N.T. 63-64, 65-66, 72-73.

It is true, as the lower court states in its opinion, that Mr. Christoph's sister, Virginia Byers, who was a witness to the marriage ceremony, testified that "one of Mr. Christoph's express motives in marrying Melissa Miller was to avoid criminal prosecution." Slip op. at 3-4. However, the sister also testified that another of Mr. Christoph's motives was that he loved appellant:

Q. [on cross-examination by counsel for appellant's mother]: Did that strike you as strange that he [Mr. Christoph] wanted to marry such a young girl that use[d] to be a student of his?

A. A little bit, but he said he loved her, so --

Q. Was there any more of a discussion than that, other than the fact that he loved her and wanted to take her as his wife?

A. What do you mean, sir?

Q. Was there any discussion as to any other reasons or any other motives as to why he wanted to marry her, other than love?

A. Well, I think there were some legal problems.

Q. What legal problems?

A. Her -- Melissa's mother didn't approve of the situation.

Q. What other legal problems?

A. I don't know. Possibly that -- I guess, maybe, he would go to jail.

Q. Go to jail for what?

[ 301 Pa. Super. Page 519]

A. Let me think of what the term is.

Q. Corrupting the morals of minors?

A. Yeah, that's what I'm trying to think of -- say.
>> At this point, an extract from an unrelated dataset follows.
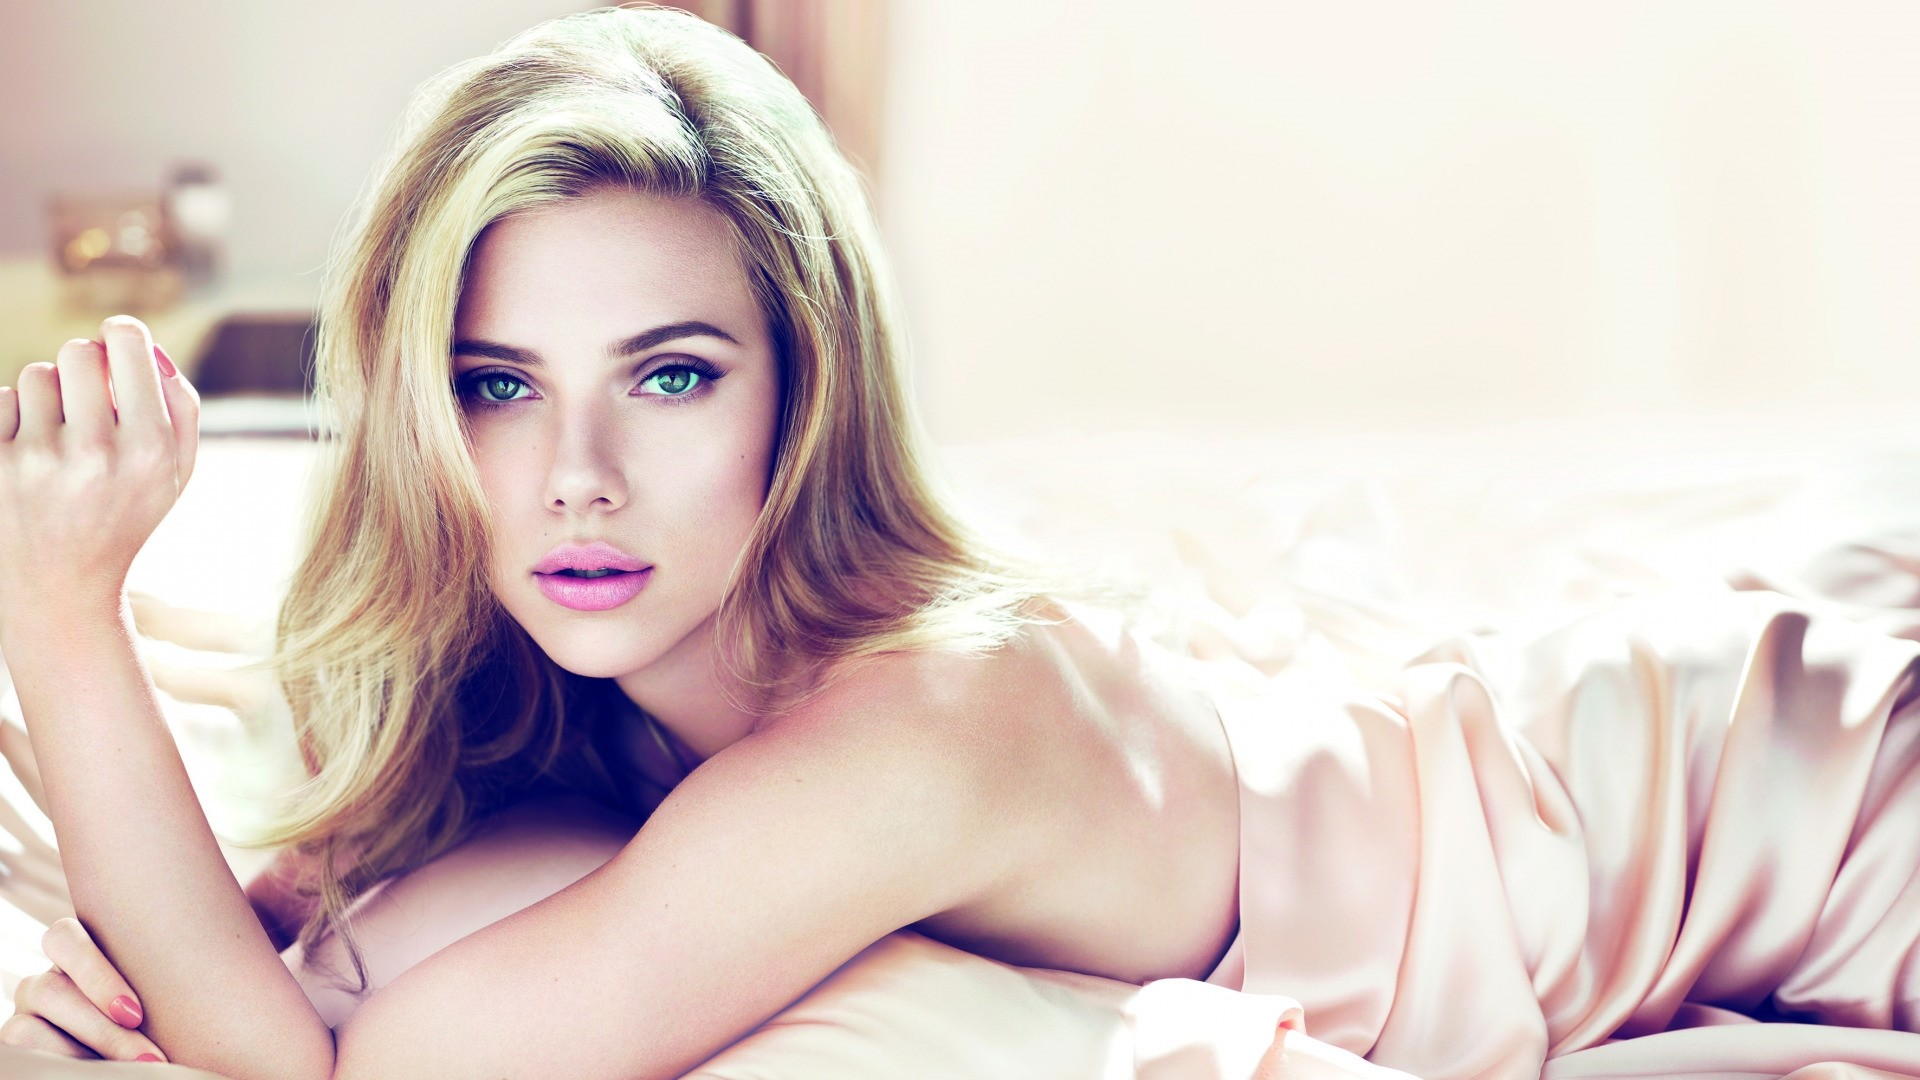 Scarlett Johansson hd wallpaper for pc

Q. Is that what you are talking about?

A. That crossed his mind.

Q. Did he think Melissa --

A. A little bit.

Q. How?

A. I guess if they were married, you know --

Q. Did he express that in words?

A. That he thought they would do that?

Q. Yes. Did he express that by marrying Missy, he would avoid criminal prosecution?

A. Yes.

Q. When was this discussed with your brother?

A. About the criminal charges? That would --

Q. Yes.

A. -- that would have been Saturday morning.

Q. That would have been two or three days prior to the marriage?

A. That is correct.

Q. And in discussing these things with him, what was first mentioned as for his reasons for wanting to get married?

A. His first reasons -- uh --

Q. Did he give a priority?

A. No, not really.



Q. This was a general discussion with you?

A. Right.

Q. Did he appear sincere in his stated reasons for love?

A. Yeah. I was surprised, but yeah, he was serious.

Q. You have known your brother for how long?

A. Twenty-five and a half years.

[ 301 Pa. Super. Page 520]

Q. You had a relation -- good close relationship with him?

A. Yes.

Q. You feel you know your brother well?

A. Very well.

Q. Therefore, you know him when he is sincere and insincere?

A. Yeah.

Q. He indicated he loved Melissa and wanted to marry her, you felt he was sincere?

A. Yes, I did.

N.T. 84-87.

The lower court does not mention this portion of the sister's testimony. It seems to us that the fairest inference to be drawn from the evidence is that Mr. Christoph may have had at least two motives for marrying appellant -- his love for her, and his desire to avoid criminal prosecution for his relationship with her. We find no support in the record for the lower court's assignment of priority to the second of these motives.*fn3

We may, however, put aside any difficulty with the inferences drawn by the lower court. Accepting the lower court's finding that Mr. Christoph married appellant to avoid criminal prosecution, still, we are unable to uphold its order. For contrary to the court's opinion, such a motive does not invalidate a common law marriage.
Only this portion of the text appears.